The data:
"""

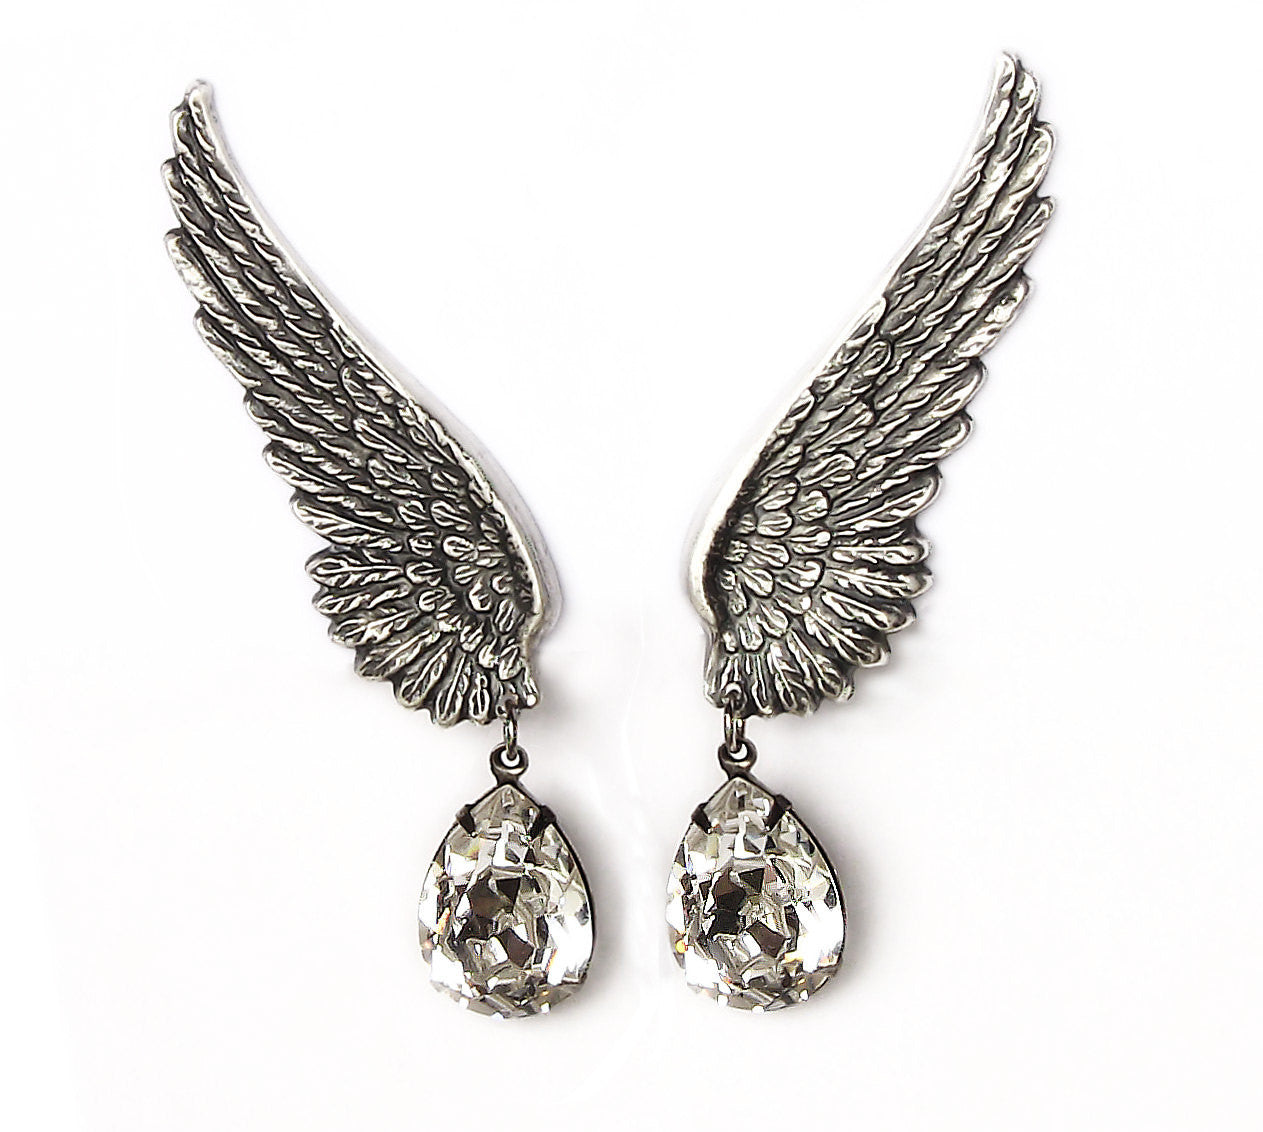 Silver Wings Earrings with Swarovski Drops - Aranwen's Jewelry
 - 3
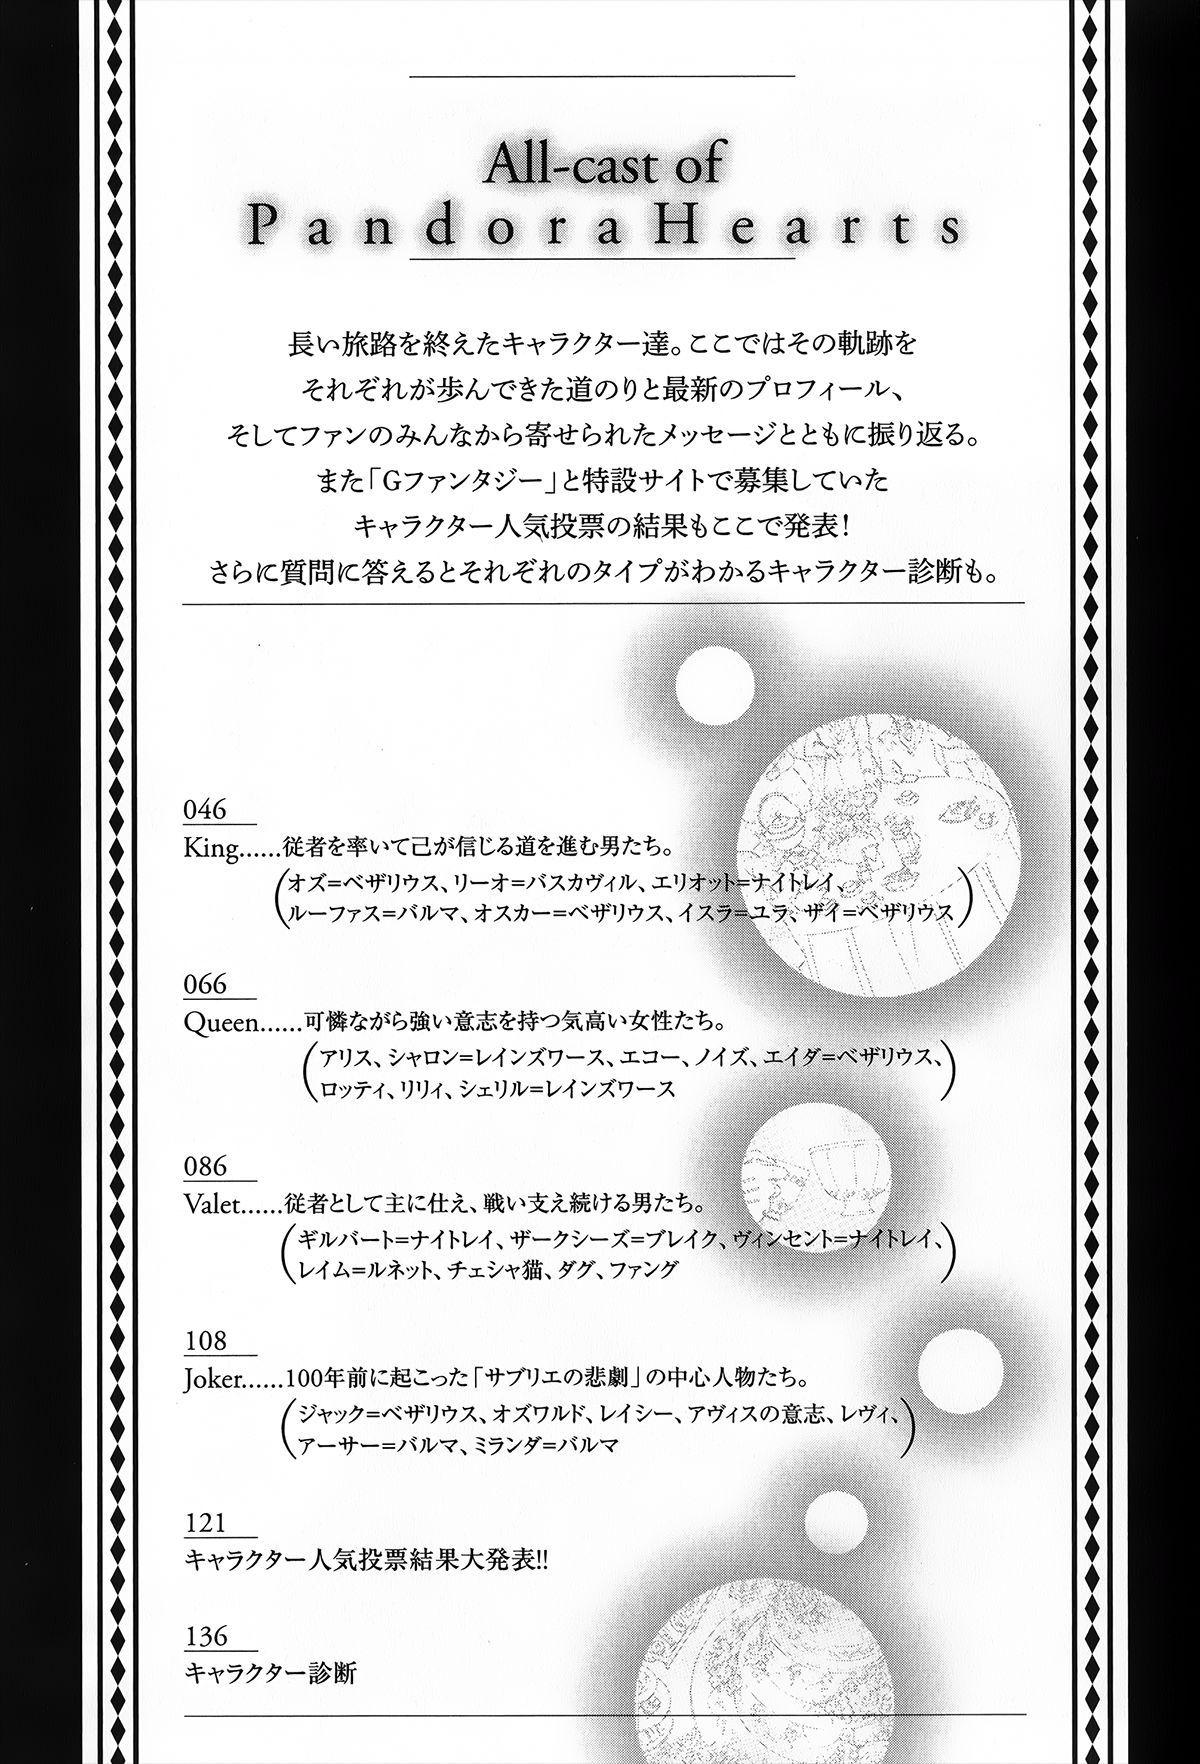 Pandora Hearts Guidebook 24+1: Last Dance パンドラハーツ オフィシャルガイド 24 + 1 ~Last Dance! 48
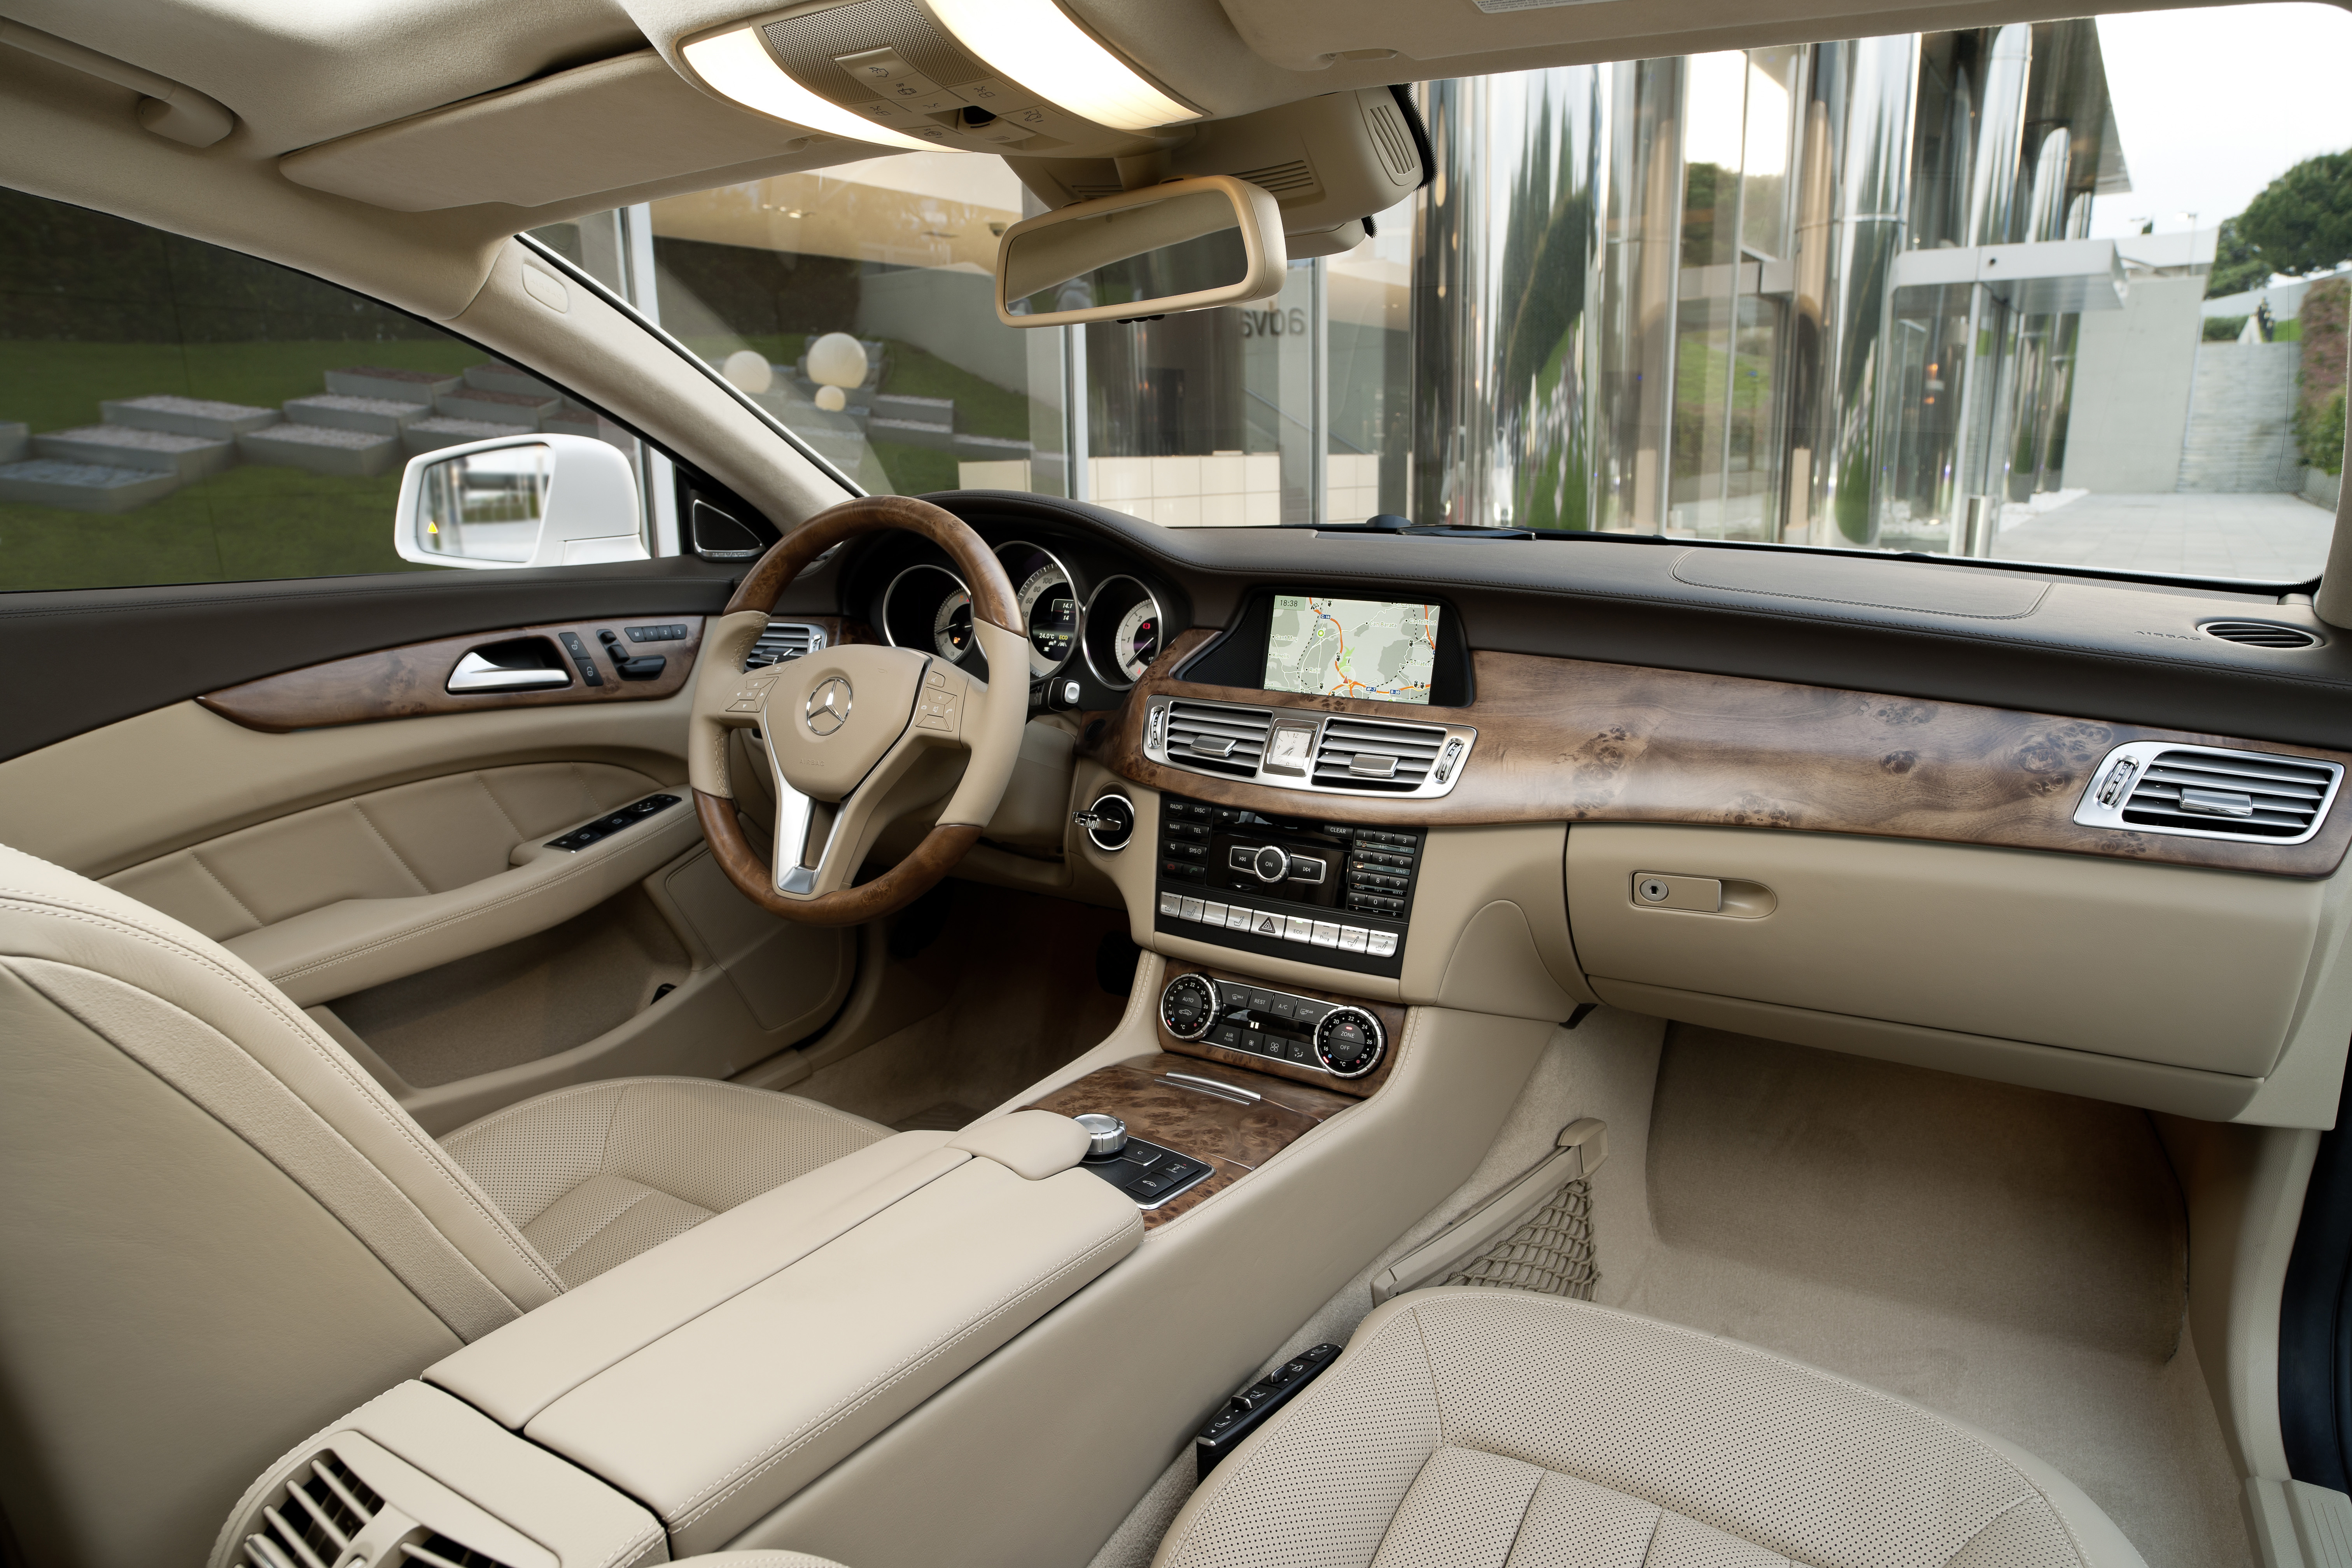 Mercedes CLS 250 CDI Interior

"""

What is being asked:
Reproduce the full listing above verbatim, with no pictures included.

Result for this exercise:
 Silver Wings Earrings with Swarovski Drops - Aranwen's Jewelry
 - 3
 Pandora Hearts Guidebook 24+1: Last Dance パンドラハーツ オフィシャルガイド 24 + 1 ~Last Dance! 48
 Mercedes CLS 250 CDI Interior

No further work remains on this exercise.